[Information — start]
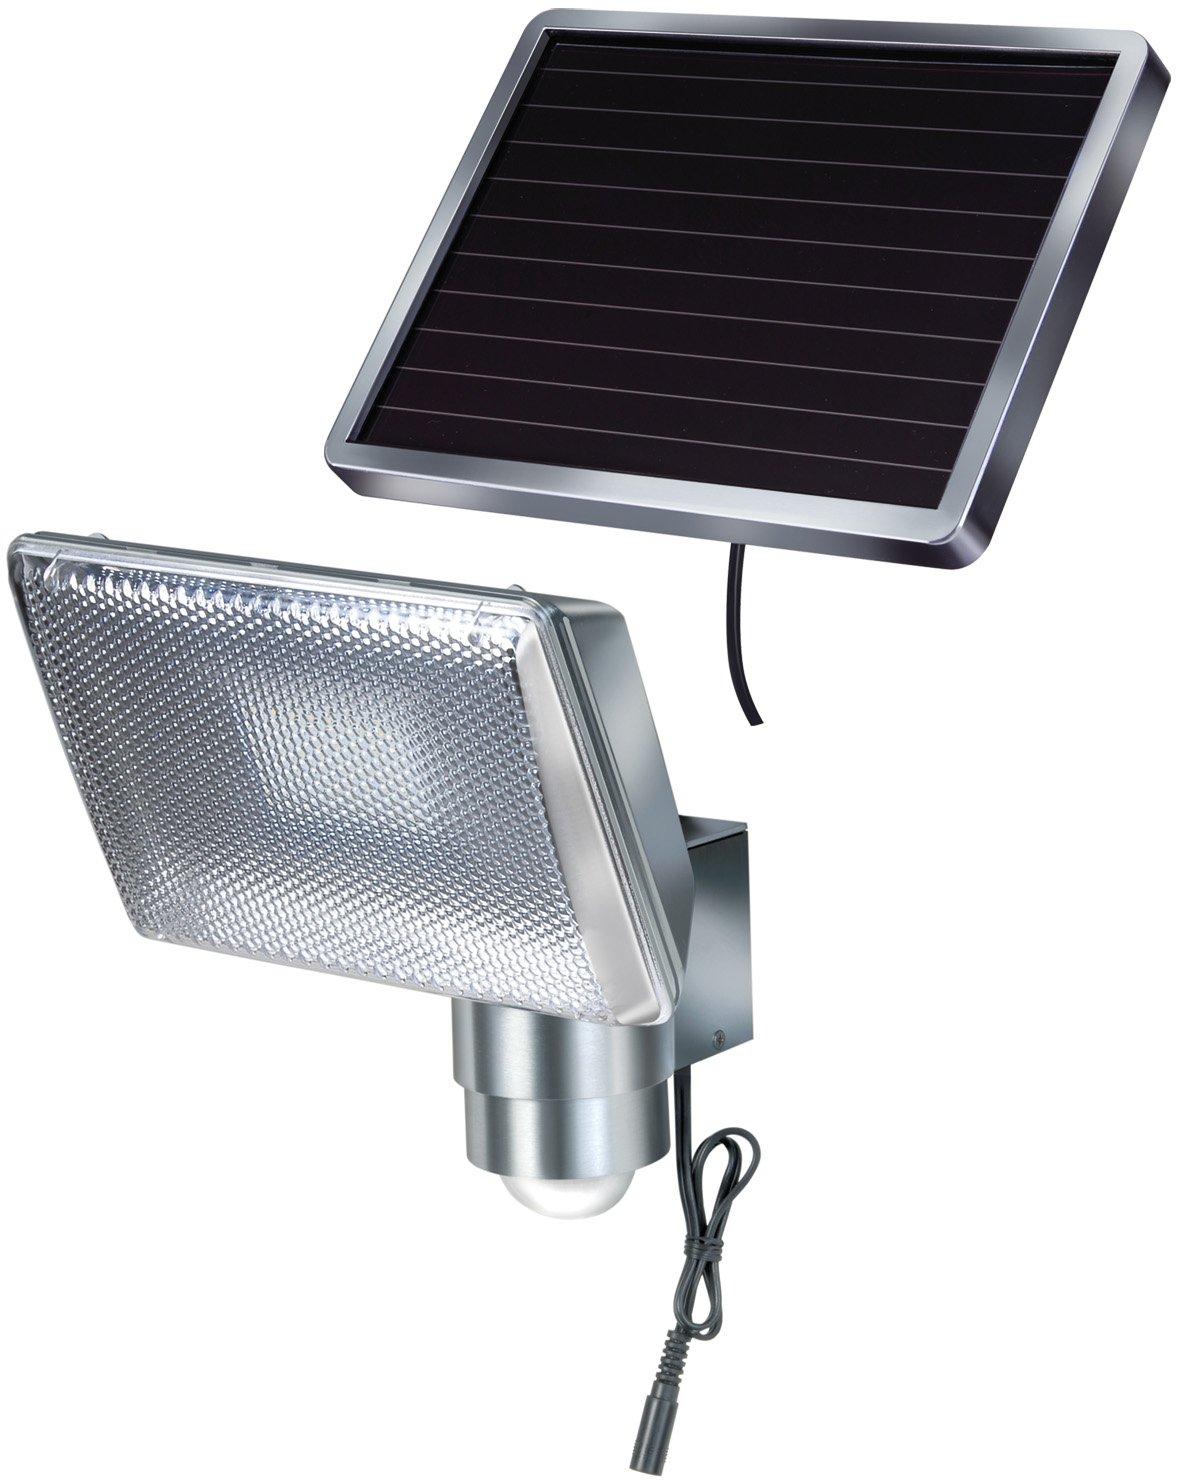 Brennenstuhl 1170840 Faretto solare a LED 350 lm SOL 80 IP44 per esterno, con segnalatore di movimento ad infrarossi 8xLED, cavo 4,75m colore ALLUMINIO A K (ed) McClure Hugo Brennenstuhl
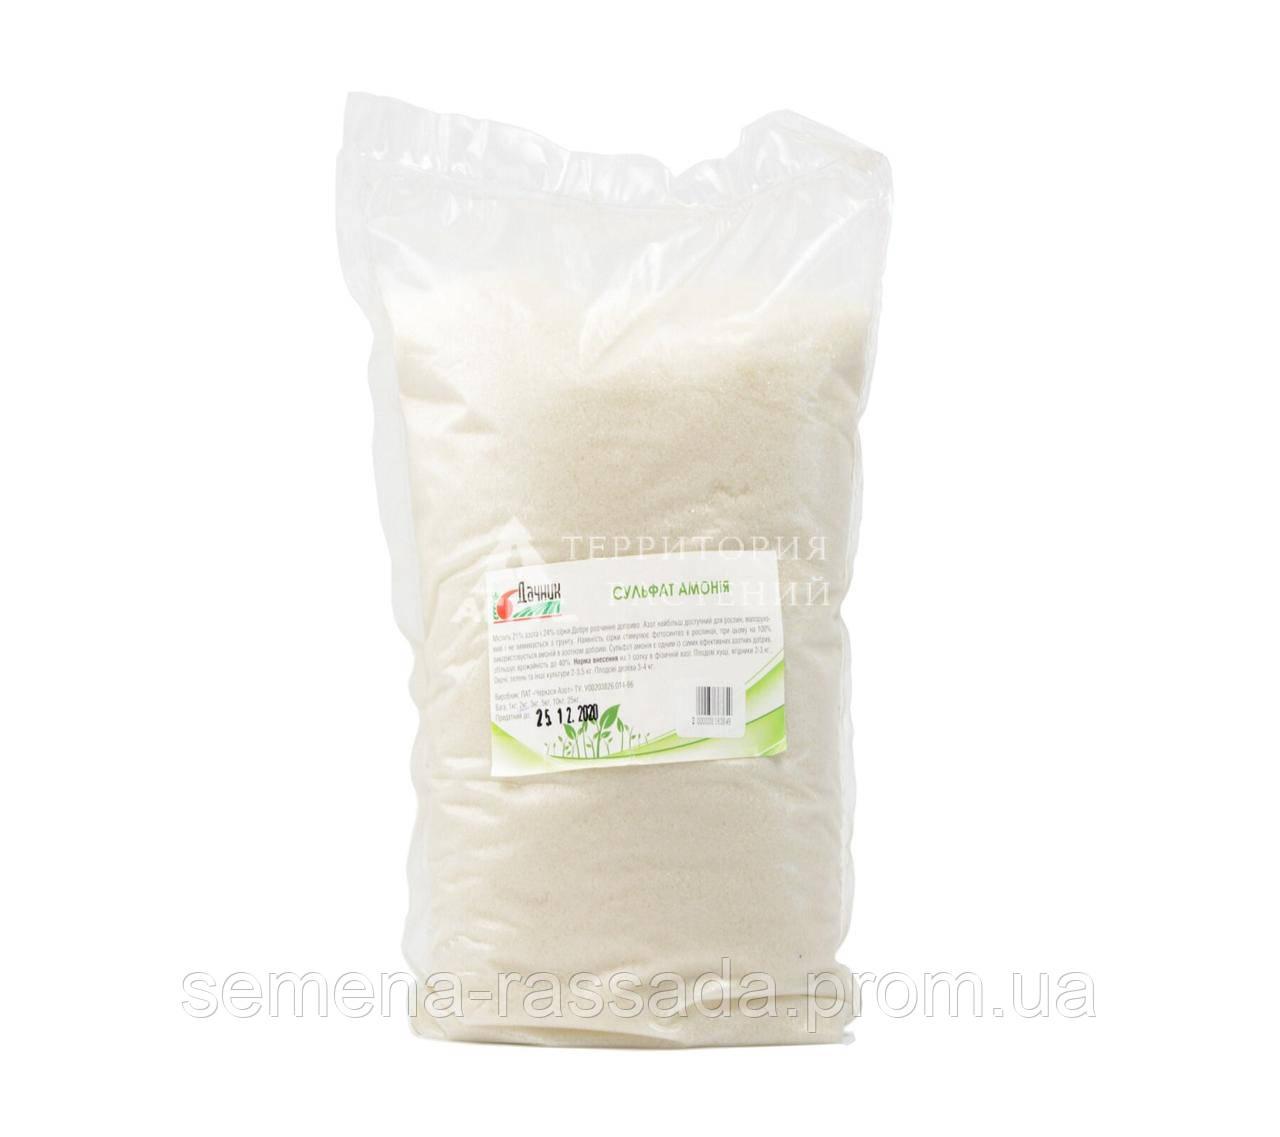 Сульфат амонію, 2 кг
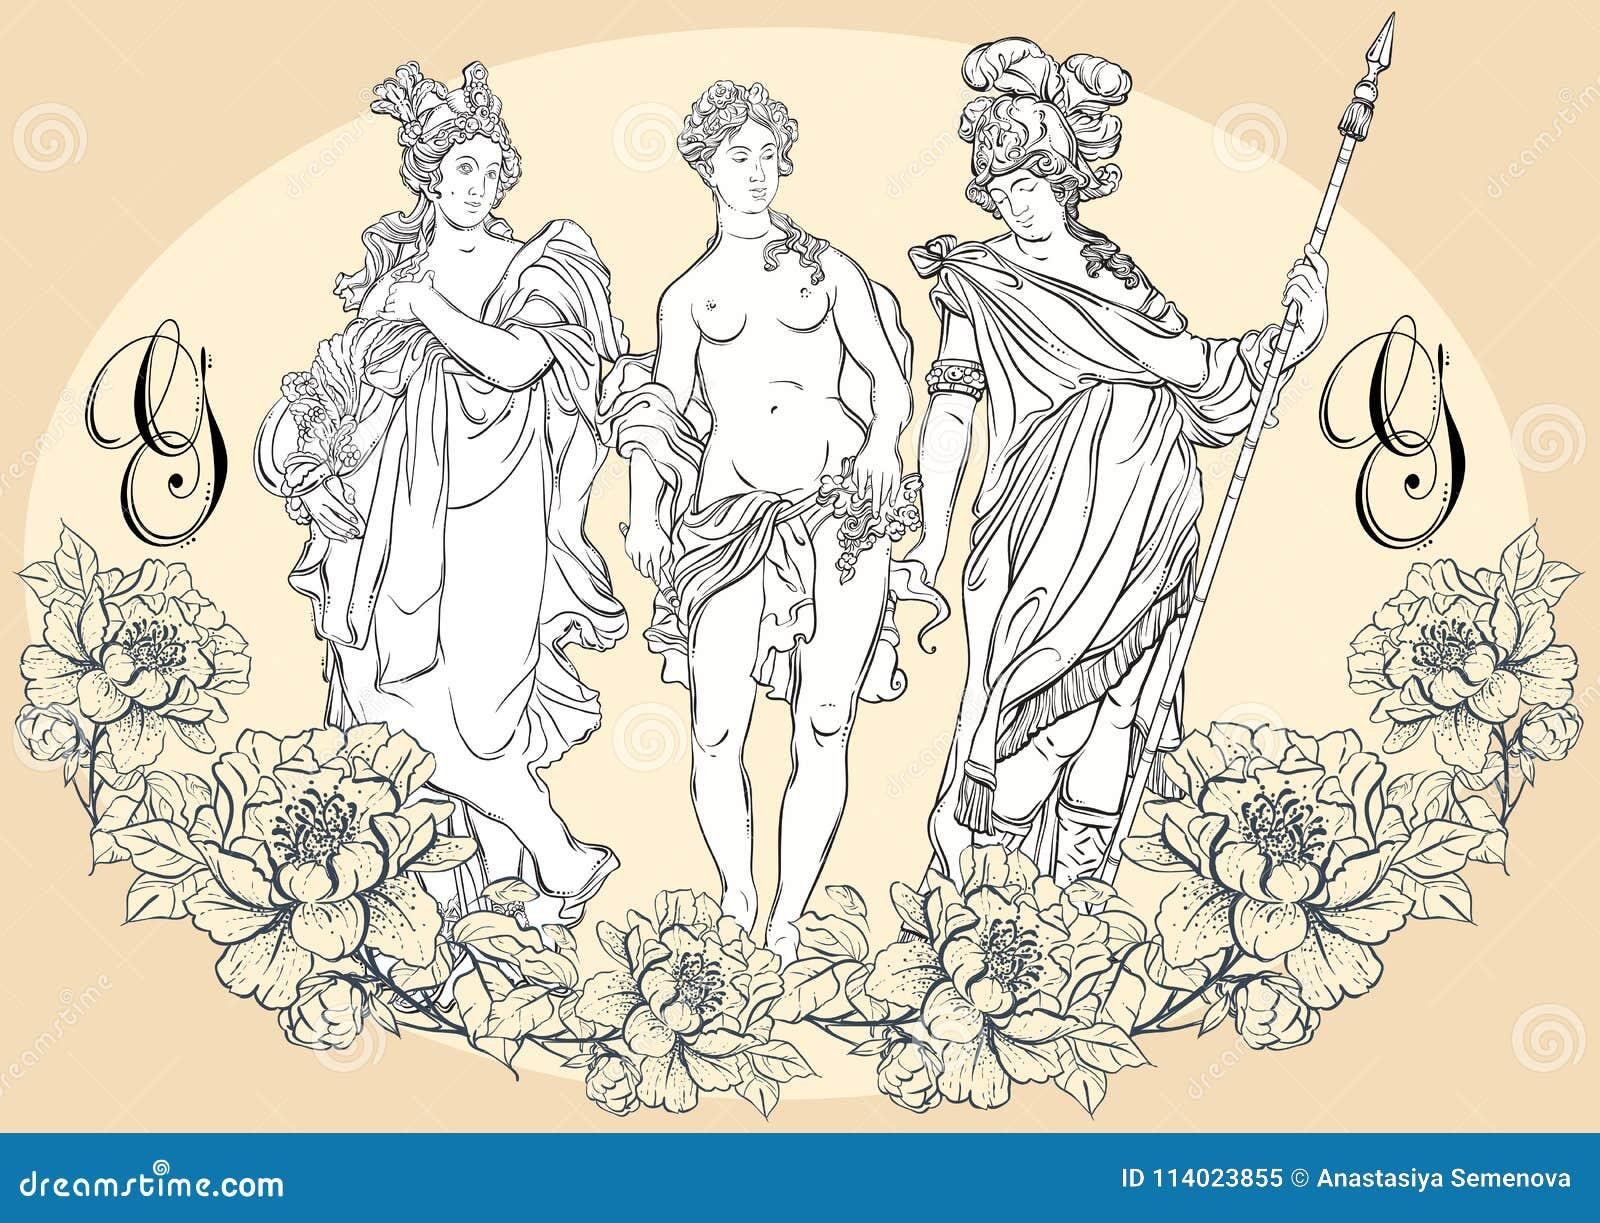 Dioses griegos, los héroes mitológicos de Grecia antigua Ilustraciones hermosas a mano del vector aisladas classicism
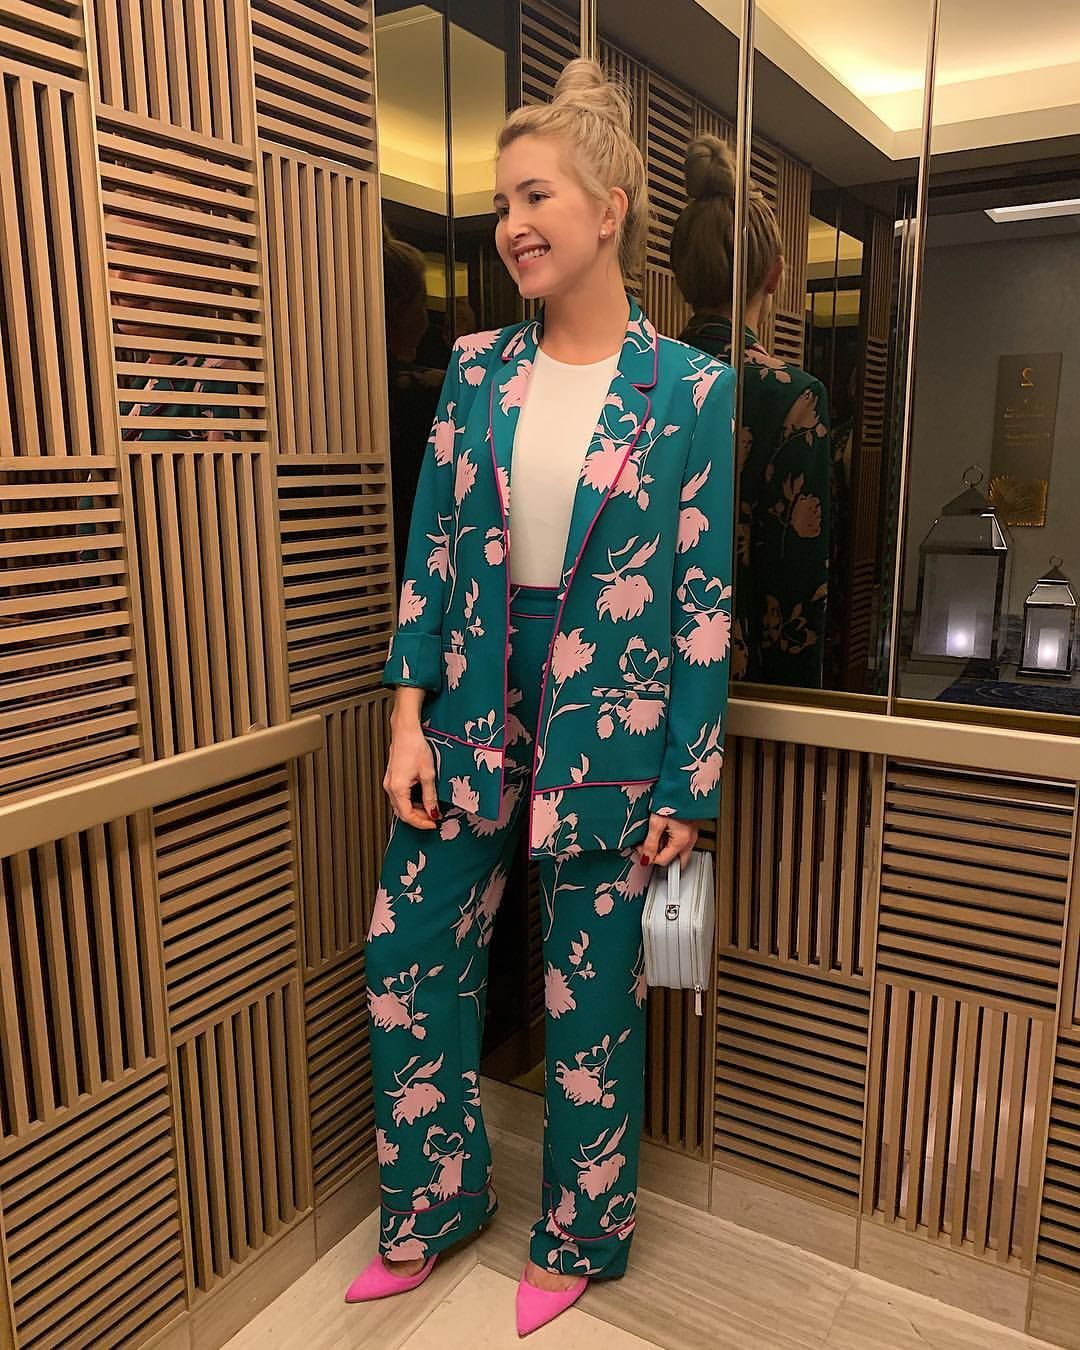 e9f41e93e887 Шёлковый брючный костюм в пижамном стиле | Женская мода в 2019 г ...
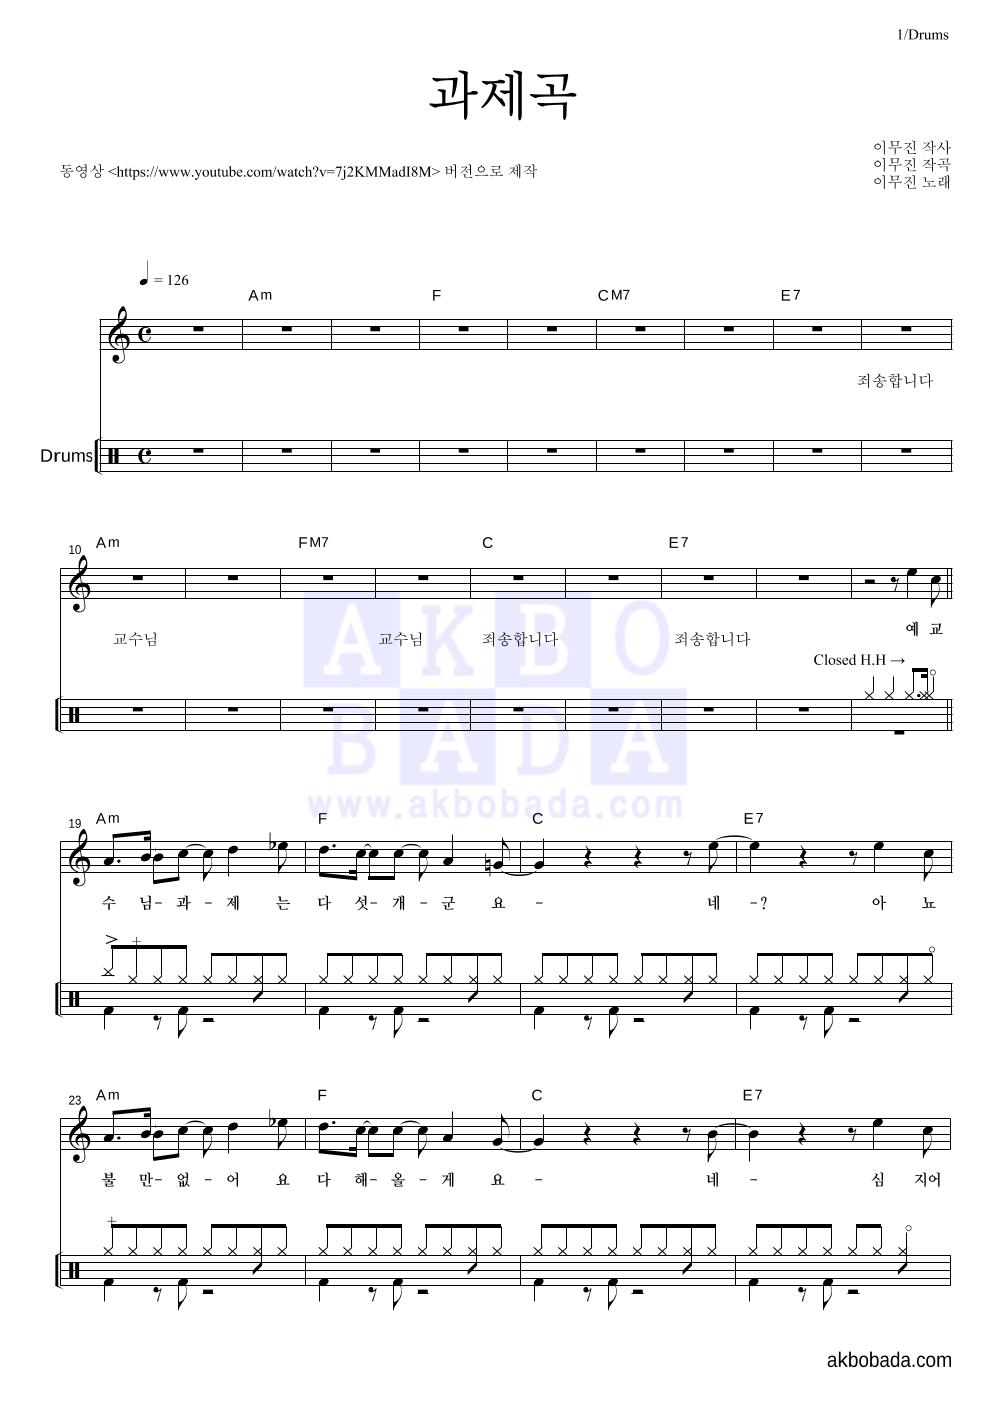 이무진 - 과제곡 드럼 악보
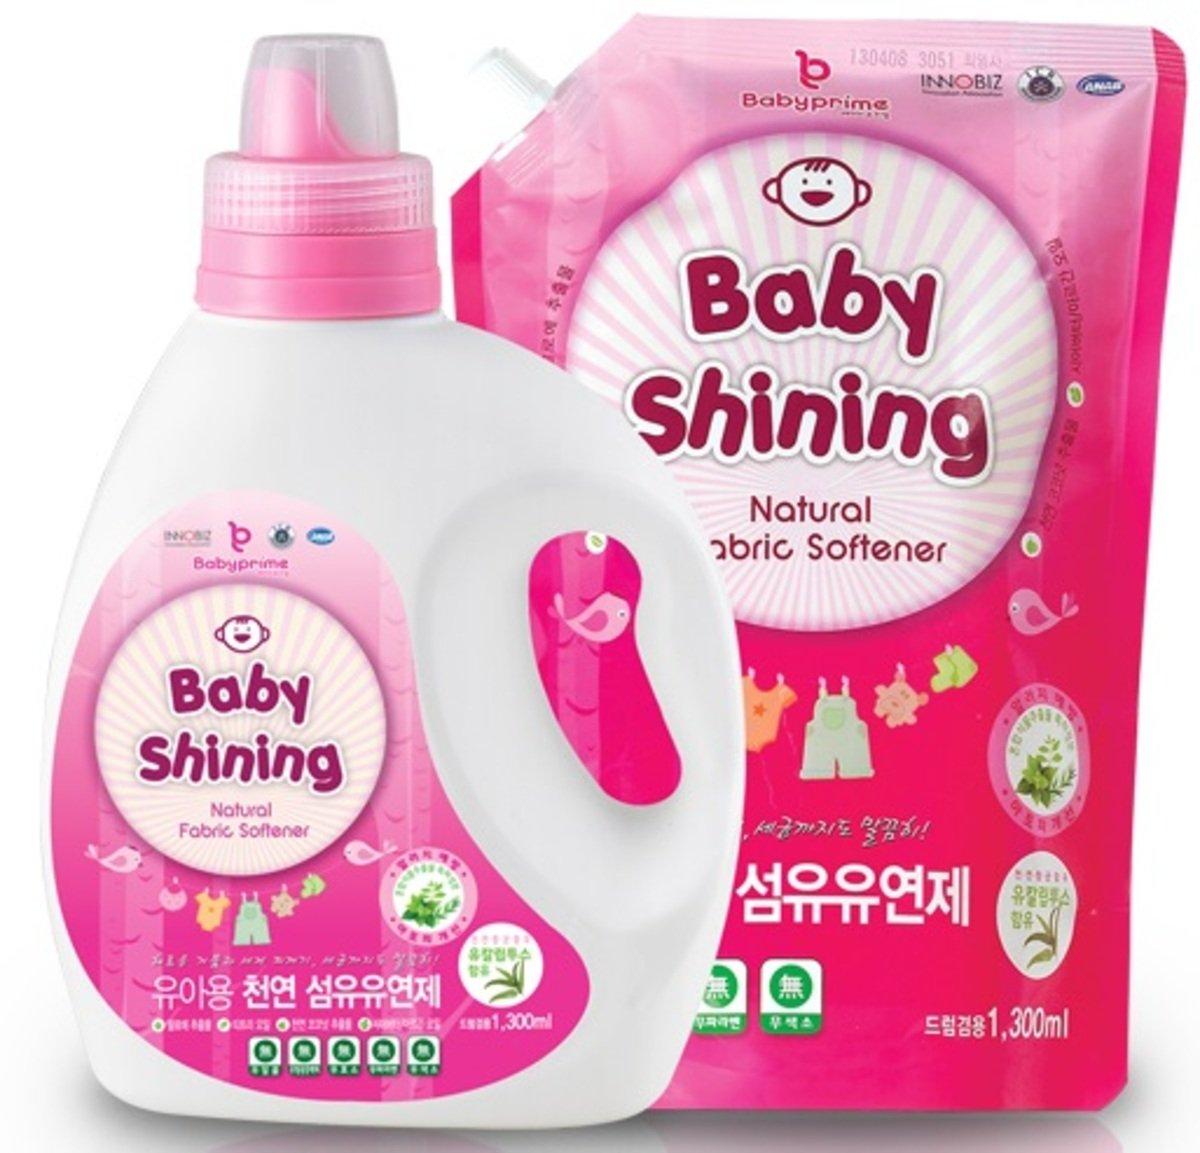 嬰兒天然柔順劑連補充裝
[Information — finish]
= Assignment =
Beginning with the line that contains "e9f41e93e887 Шёлковый брючный", output every line down to the last line of the entries above exactly as written, apart from the pictures.

= Exercise solution =
 e9f41e93e887 Шёлковый брючный костюм в пижамном стиле | Женская мода в 2019 г ...
 이무진 - 과제곡 드럼 악보
 嬰兒天然柔順劑連補充裝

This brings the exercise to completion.